▶ _Given information_

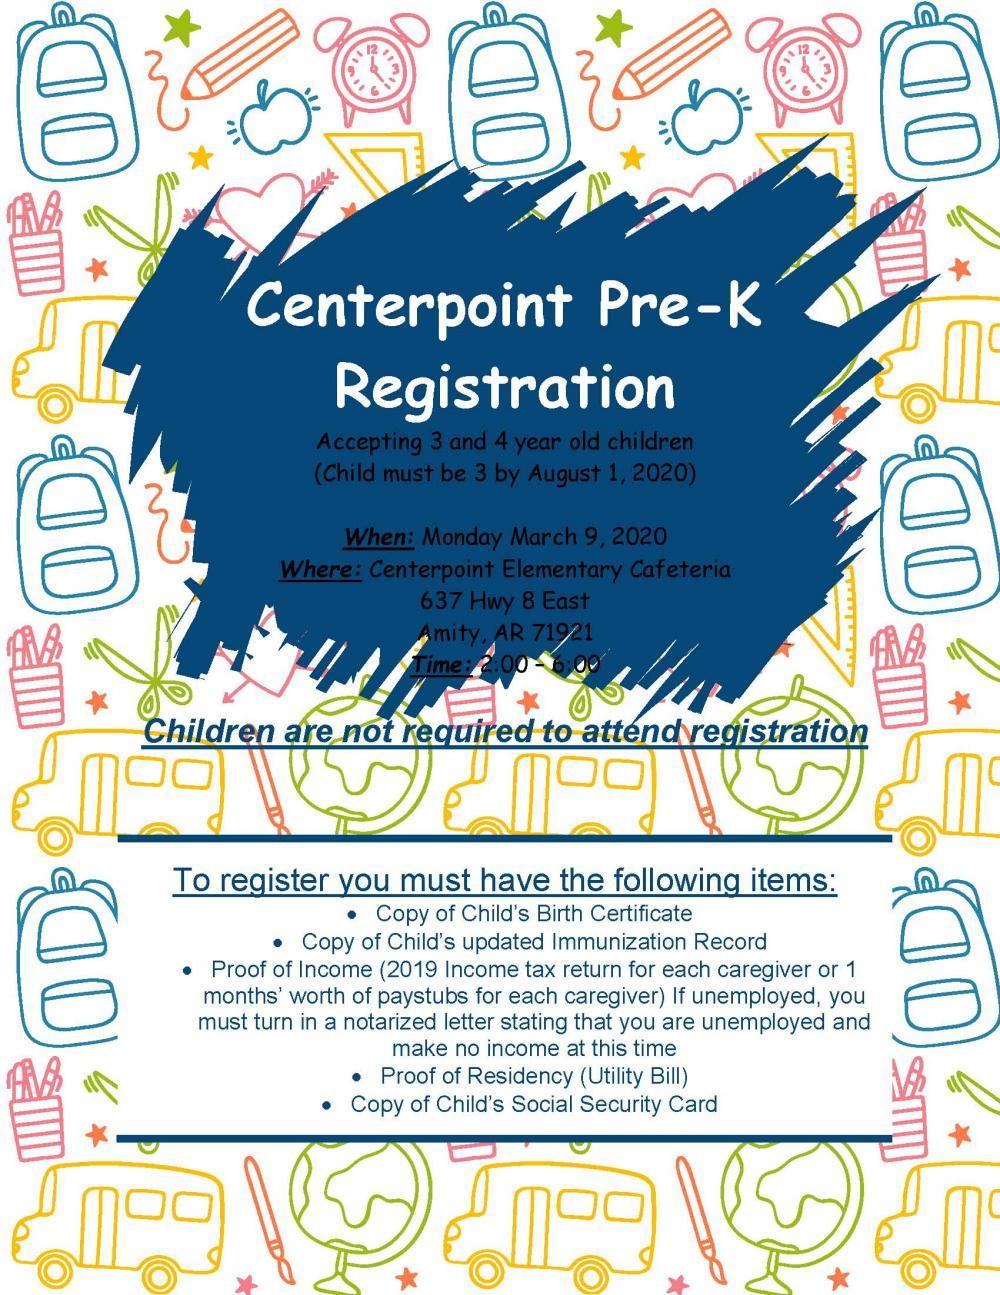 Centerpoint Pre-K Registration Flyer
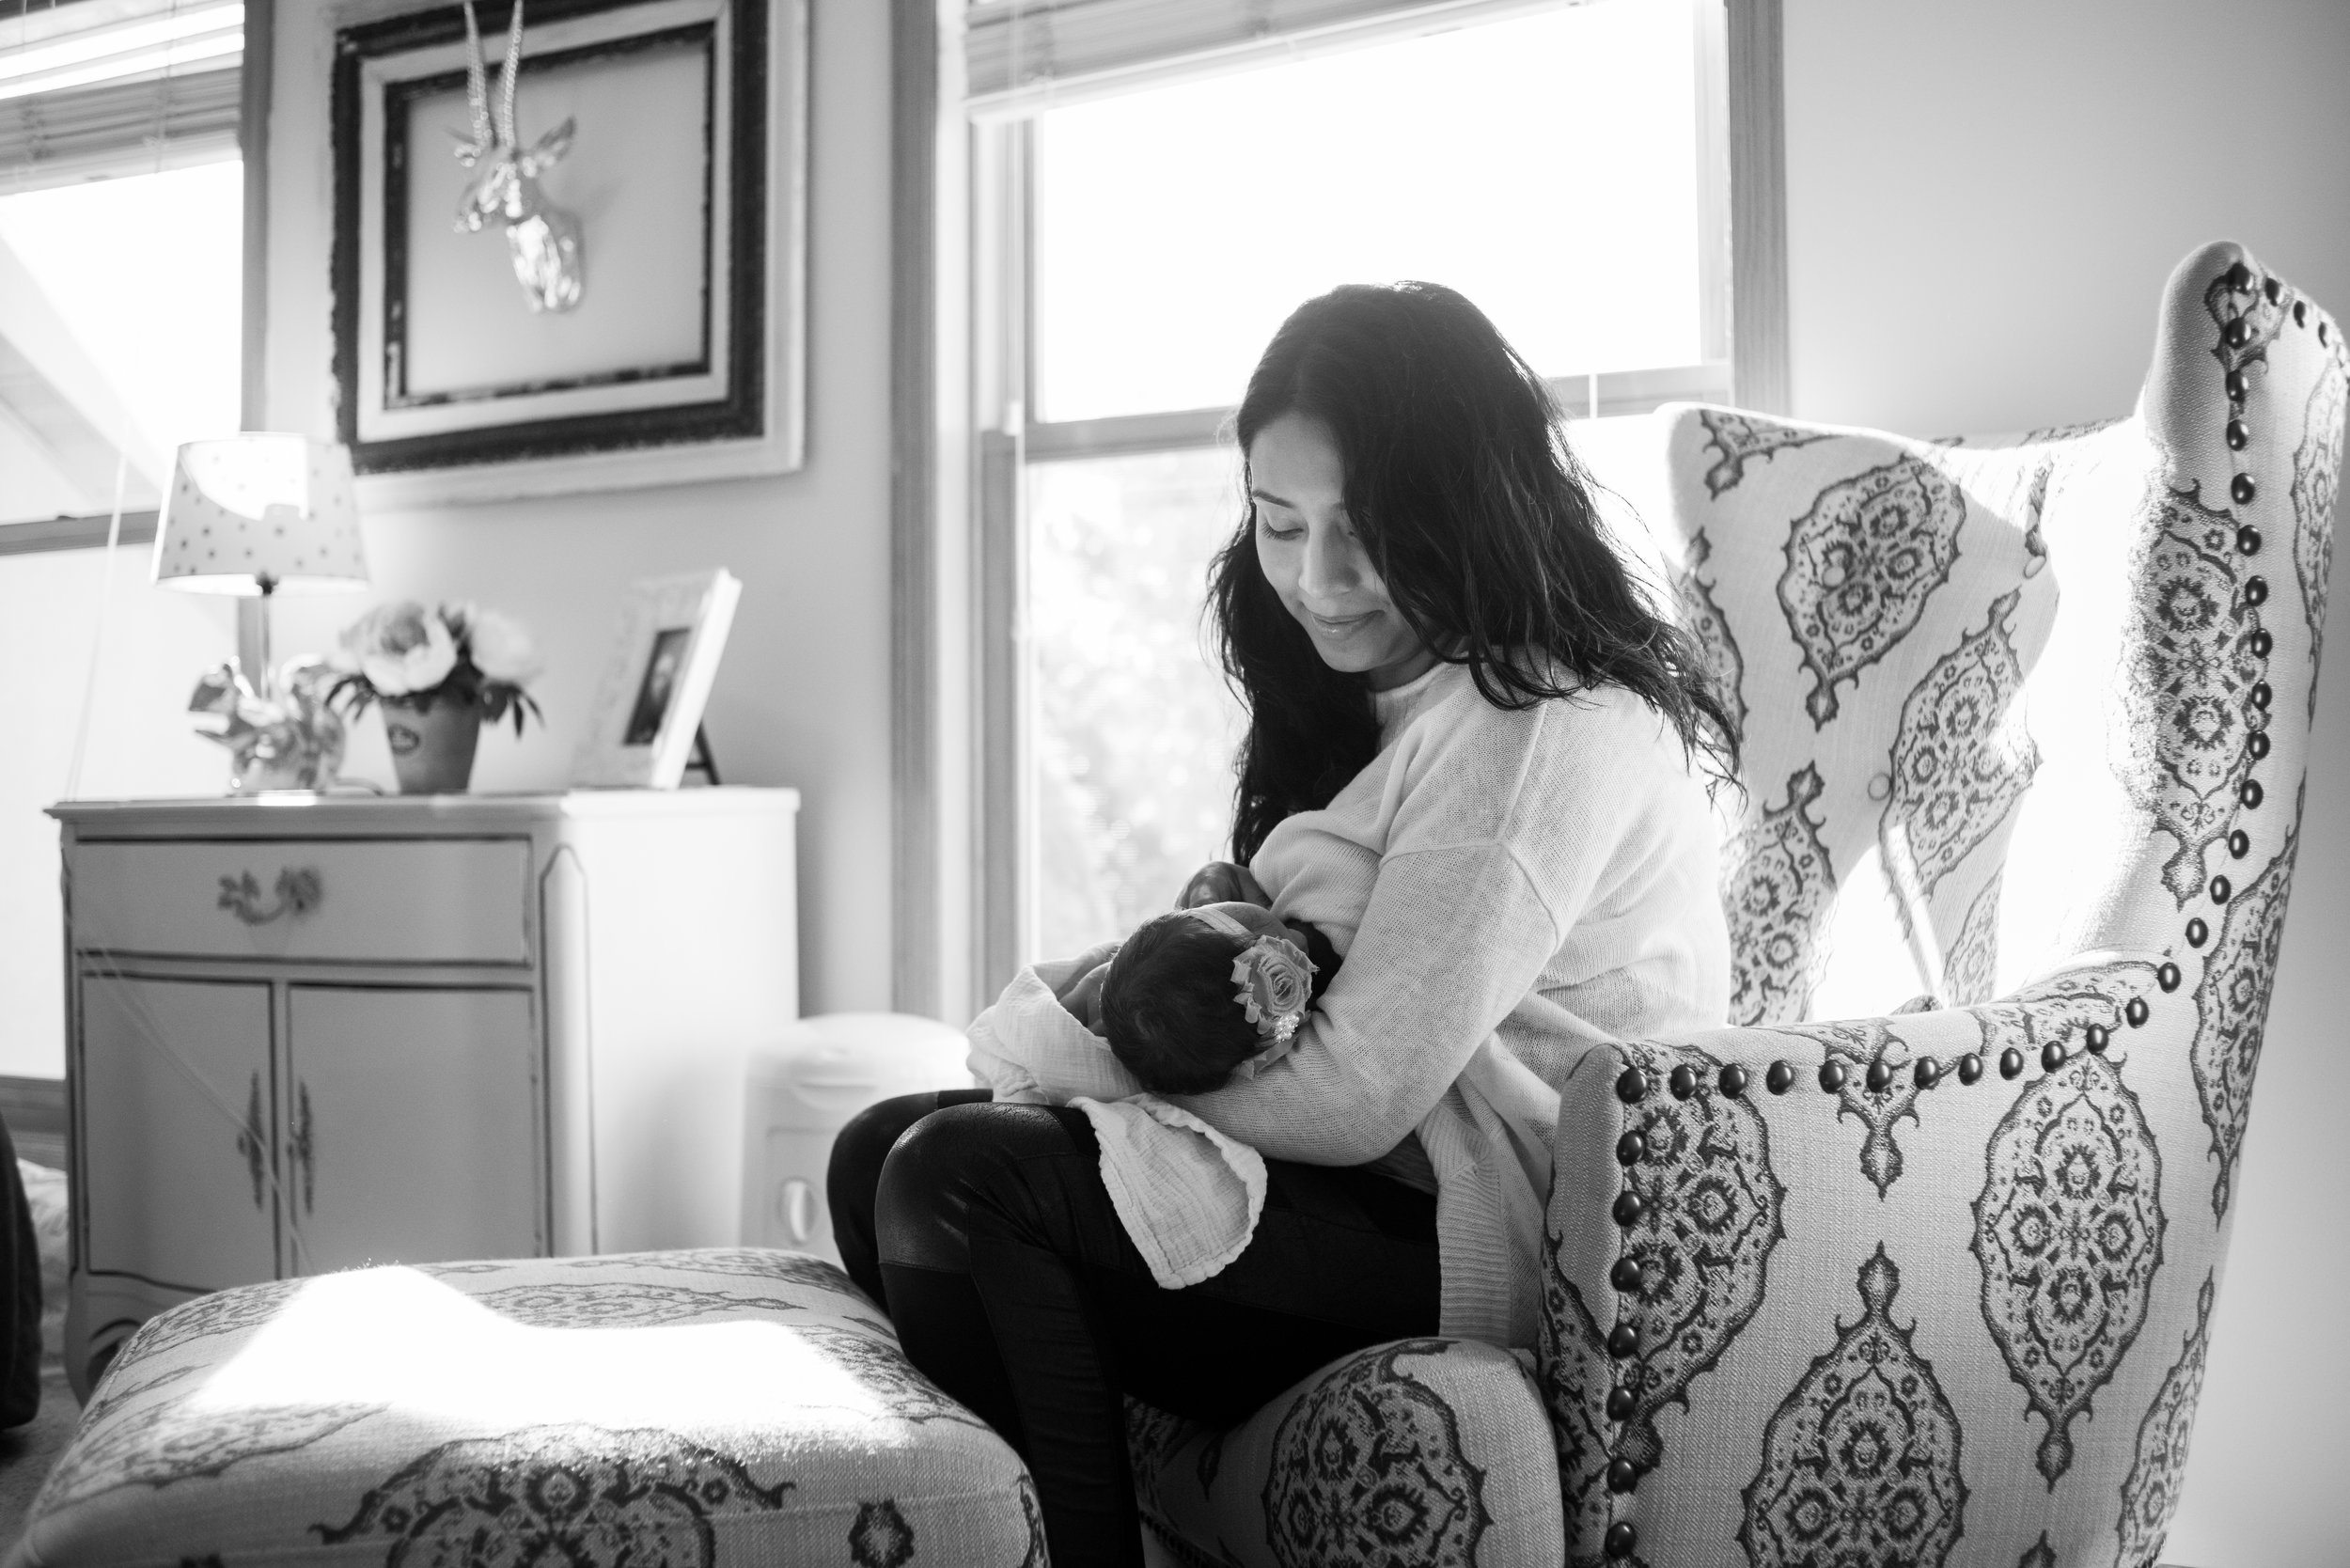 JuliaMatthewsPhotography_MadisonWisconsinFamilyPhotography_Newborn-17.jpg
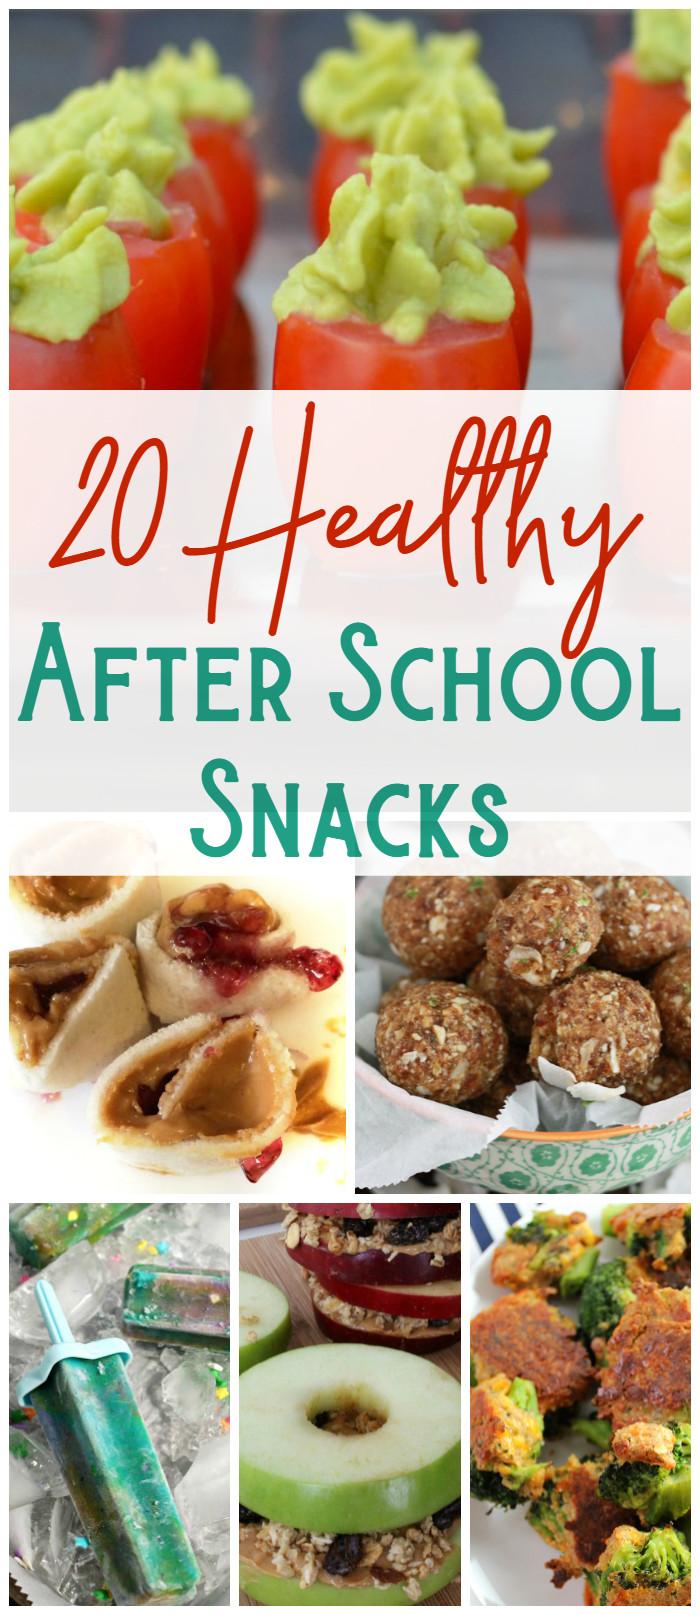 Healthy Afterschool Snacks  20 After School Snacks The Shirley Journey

▶ _How to complete this task_
Transcribe the listing above in full. Pictures are not part of the copy.

▶ _Exercise response_
 Centerpoint Pre-K Registration Flyer
 JuliaMatthewsPhotography_MadisonWisconsinFamilyPhotography_Newborn-17.jpg
 Healthy Afterschool Snacks  20 After School Snacks The Shirley Journey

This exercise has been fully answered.